Would DBOS align with / complement these types of Kafka streaming pipelines or are you addressing a different need?
[-]
- KraftyOne 408 days ago
  Yeah exactly! The Kafka use case is a great one--specifically writing consumers that perform real-world processing on events from Kafka.
  In fact, one of our first customers used DBOS to build an event processing pipeline from Kafka. They hit the "wall of complexity" you described trying to persist events from Kafka to multiple backend data stores and services. DBOS made it much simpler because they could just write (and serverlessly deploy) durable workflows that ran exactly-once per Kafka message.
rtcoms 407 days ago
Recently I came to know about https://www.membrane.io/, which also follows similar approach, but it looks like that is more for internal apps and small projects.
How would you compare DBOS with that ?
[-]
- jedberg 407 days ago
  From a high level what we offer is similar -- durable and reliable compute.
  There isn't a lot of public information about how they are built, but from what I can tell you're right -- their architecture is more oriented for small projects.
  It looks like they store the entire JS heap in a SQLLite database. We store schematized state checkpoints in Postgres compatible database, which makes it so that we can scale up and allow interesting things like querying the previous states and time travel debugging, where you can actually step though previously run workflows.
ashwindharne 408 days ago
I've been using Temporal recently for some long-running multi-step AI workflows -- helps me get around API flakiness, manage rate limits for hosted models, and manage load on local models. It's pretty cool to write workers in different languages and run them on different infra and have them all orchestrate together nicely. How does DBOS compare -- what are the core differences?

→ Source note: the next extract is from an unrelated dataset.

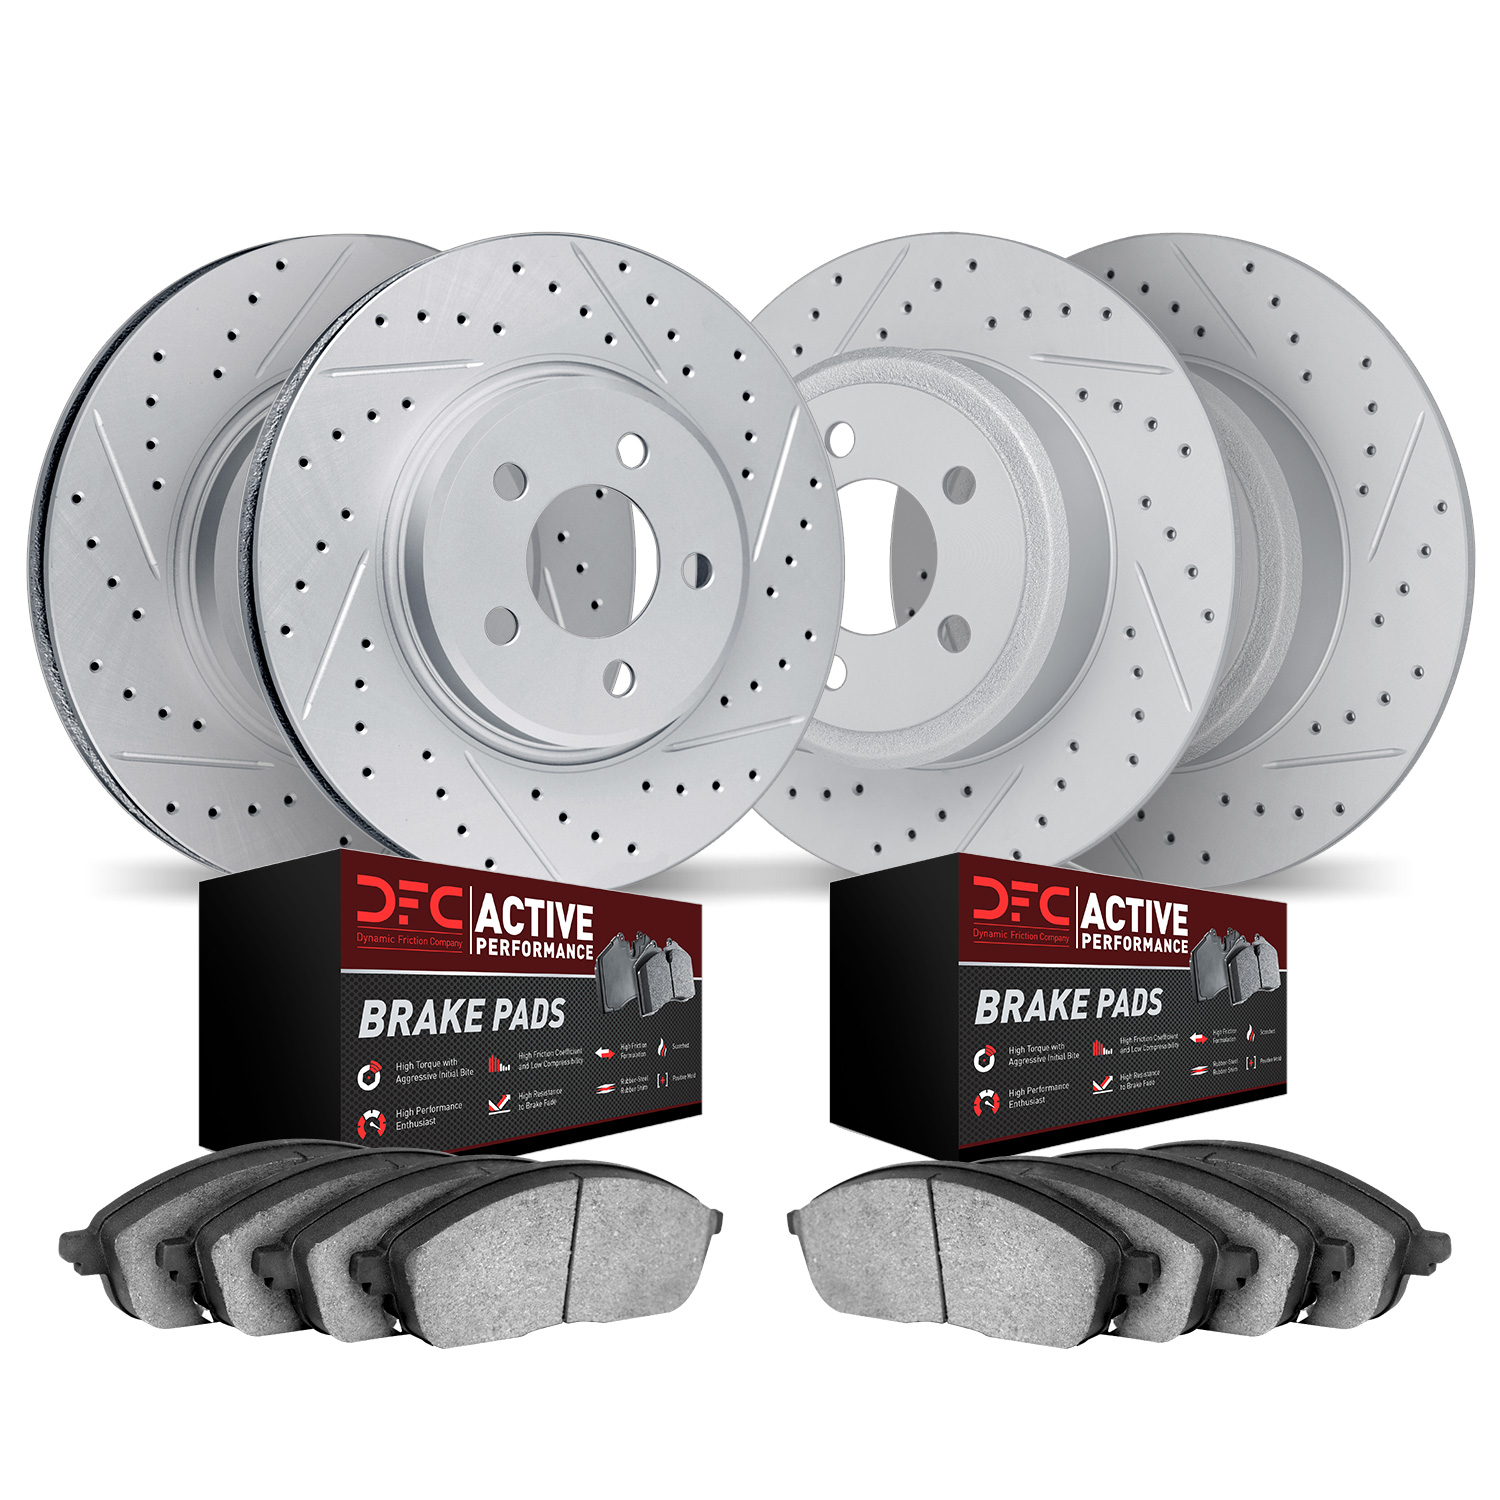 2704-59049 Geoperformance Drilled/Slotted Brake Rotors with Active Performance Pads Kit, 2003-2008 Acura/Honda, Position: Front

From what I can tell, the programming model seems to be pretty similar but DBOS doesn't require a centralized workflow server, just serverless functions?
[-]
- KraftyOne 408 days ago
  Co-founder here:
  Great question! Yeah, the biggest difference is that DBOS doesn't require a centralized workflow server, but does all orchestration directly in your functions (through the decorators), storing your program's execution state in Postgres. Implications are:
  1. Performance. A state transition in DBOS requires only a database write (~1 ms) whereas in Temporal it requires a roundtrip and dispatch from the workflow servers (tens of ms -- https://community.temporal.io/t/low-latency-stateless-workfl...). 2. Simplicity. All you need to run DBOS is Postgres. You can run locally or serverlessly deploy your app to our hosted cloud offering.
sim7c00 408 days ago
it might be interesting to look at some standard for workflows like CACAO to express what a workflow is. that way, workflows can ultimately become shareable between such workflow execution engines, and have common workflow editors. its (in cyber) a big problem that workflows cannot be shared between different systems which adds great costs to implementing such a system (need to redesign or design all workflows from the ground up). I think workflows and easy editors to assemble and connect steps are a good step ahead in any automation domain, but everywhere people want to reinvent the wheel of expressing what a workflow is.
definitely a fan of what these types of systems can do in replay/recovering and retying steps etc. as well as centralizing a lot of didferent workloads to a common execution engine.
qianli_cs 408 days ago
Hello! I’m here to answer any questions. I’d love to hear your feedback, comments, and anything!
evantbyrne 408 days ago
Looks like an interesting abstraction. I can see the usefulness because I had to create a poor man's version of this when I built a CD. Sorry, because I don't have time to watch the 50 minute video, but how are you guaranteeing durability? Are you basically opening Postgres transactions for each step, or is there something else going on to persist state?
[-]
- qianli_cs 408 days ago
  Yeah! Under the hood, DBOS wraps each function (step) to log its output in the database. This ensures that workflows can be safely re-executed if they're interrupted, guaranteeing durability.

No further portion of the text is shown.